Coleraine College is a secondary school in Coleraine, County Londonderry, Northern Ireland. It was formed by an amalgamation of the Coleraine Boys' Secondary school and Coleraine Girls' Secondary School and became Coleraine College in September 2001.  The headmaster is Mr Marsh and there are currently 233 pupils.

Aims
The College aims to equip young students for FE College, Sixth Form and towards University. Skills taught include partnership and team skills.

Site
In preparation for the amalgamation a £7 million refurbishment of the Girls' School was carried out.

The school is situated on  of land. However, the school is split between two sites, set well back from any main road, and this encourages vandalism which by March 2005 had cost thousands of pounds.

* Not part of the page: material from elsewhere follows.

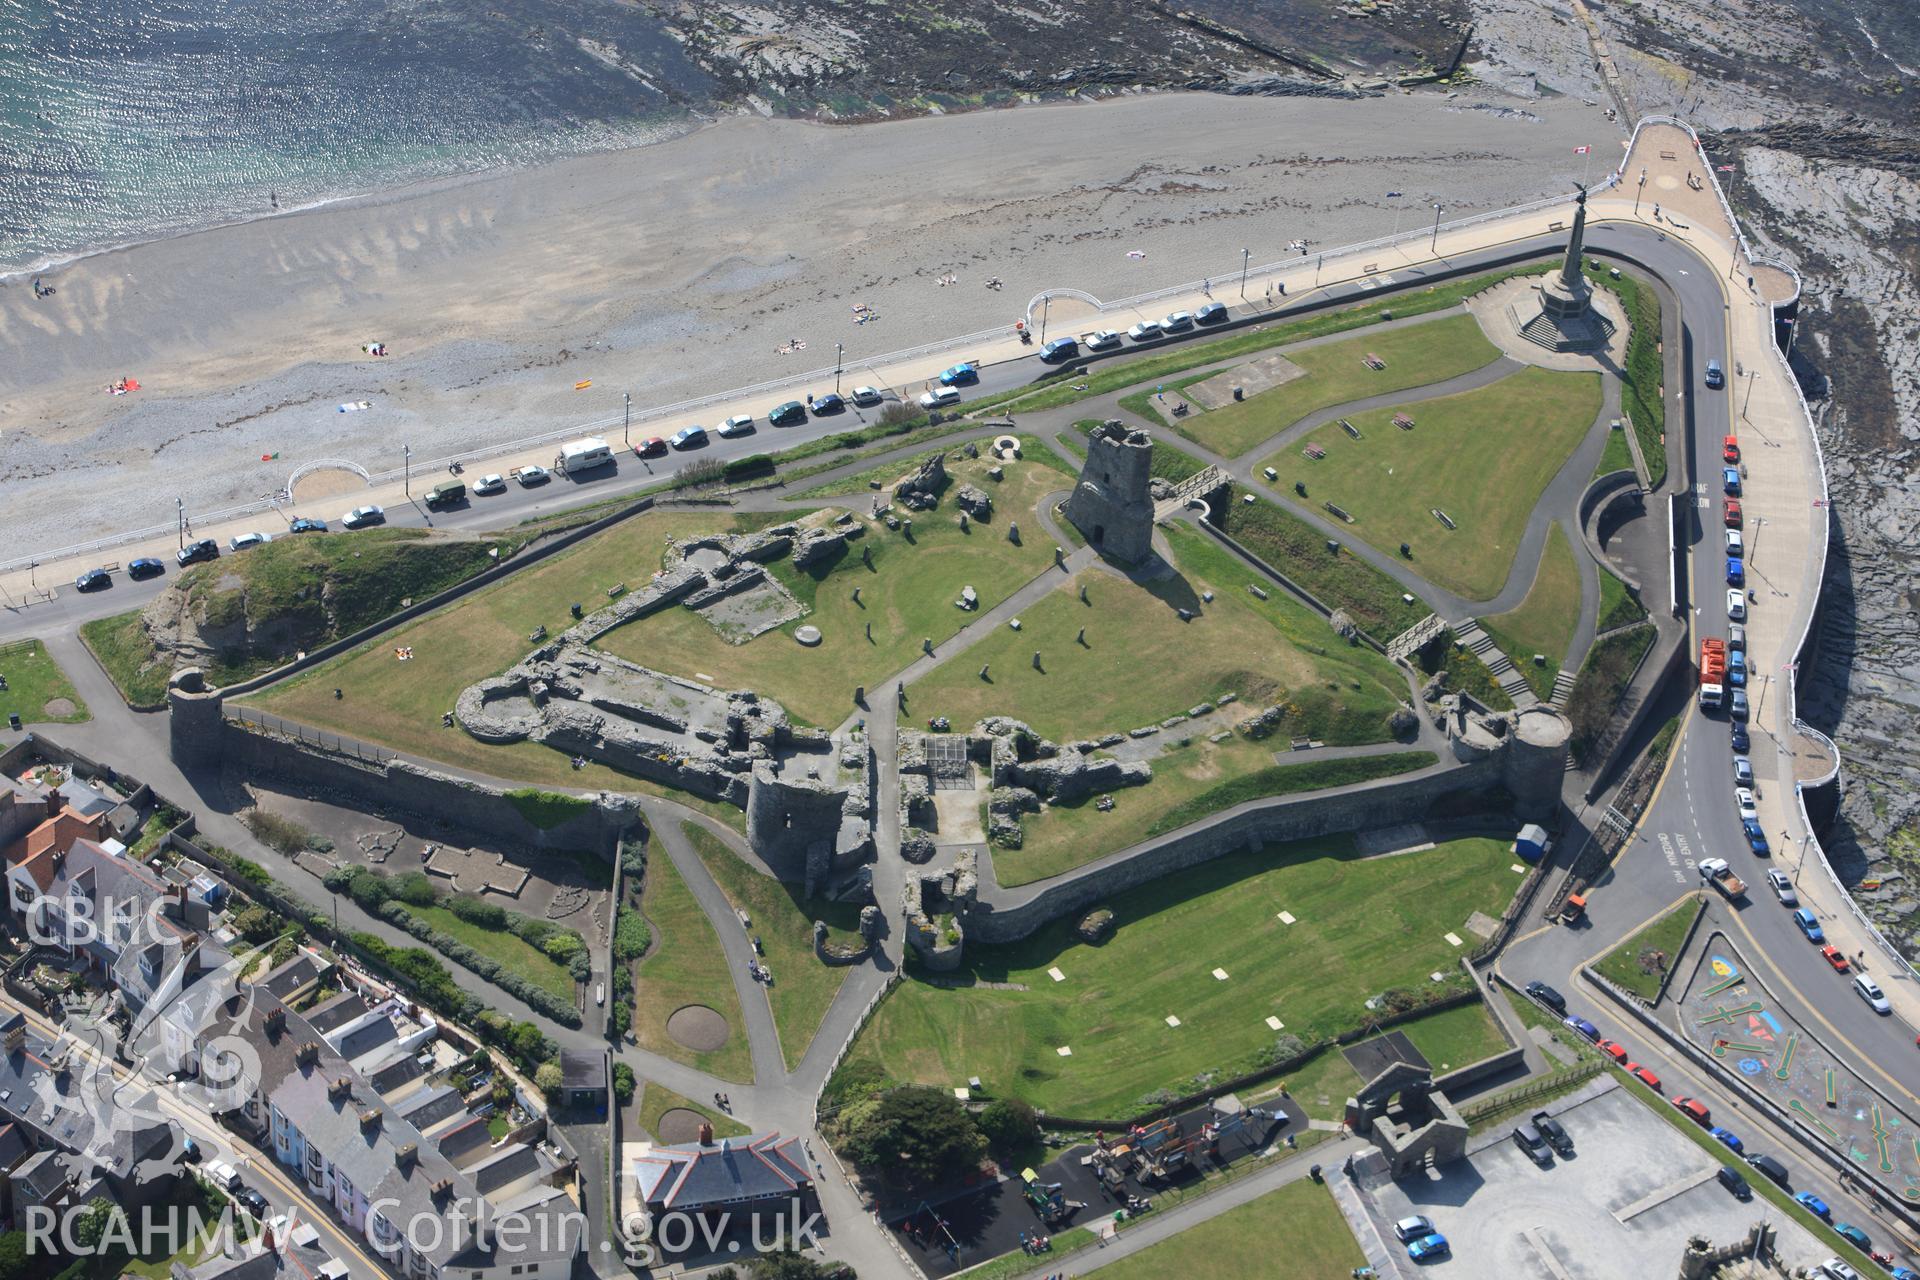 RCAHMW colour oblique photograph of Aberystwyth Castle. Taken by Toby Driver on 25/05/2010.
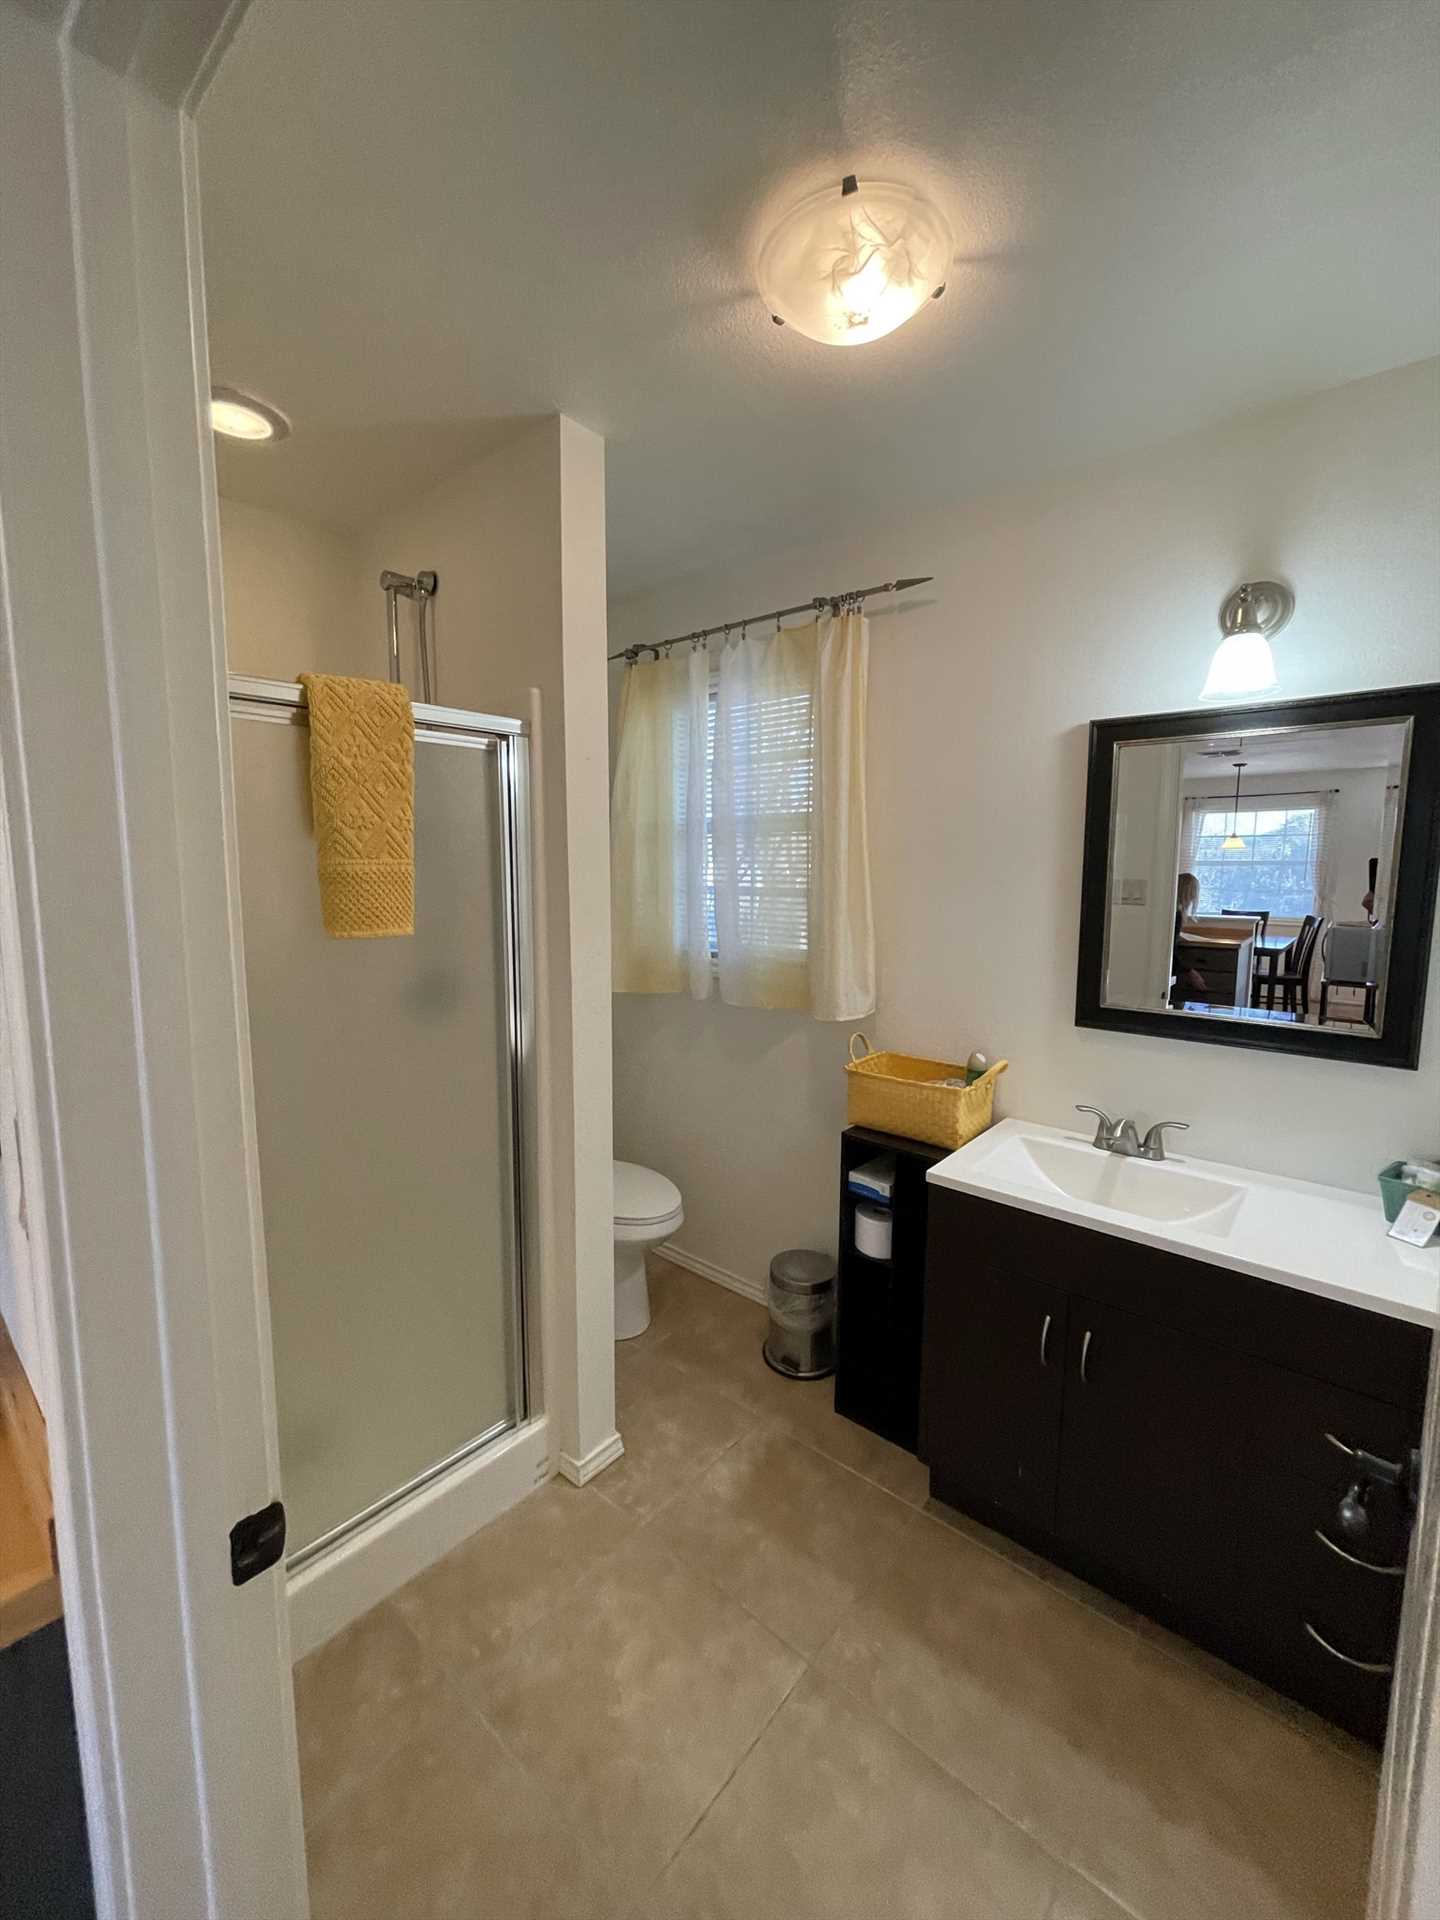                                                 A shower stall and fresh linens complete the full bath here, and it's a spotless place to clean up!

The school was mentioned in the House of Commons in July 2006 when the Northern Ireland Minister Maria Eagle, in answer to a question from Gregory Campbell, stated that the main buildings were then 49 years old.

Academic standards
The Education and Training Inspectorate carried out a follow-up inspection in February 2006 in which they stated that "The school has some strengths in aspects of its educational and pastoral provision that can be built upon.  The areas for improvement need to be addressed urgently if the school is to meet effectively, the needs of all the pupils."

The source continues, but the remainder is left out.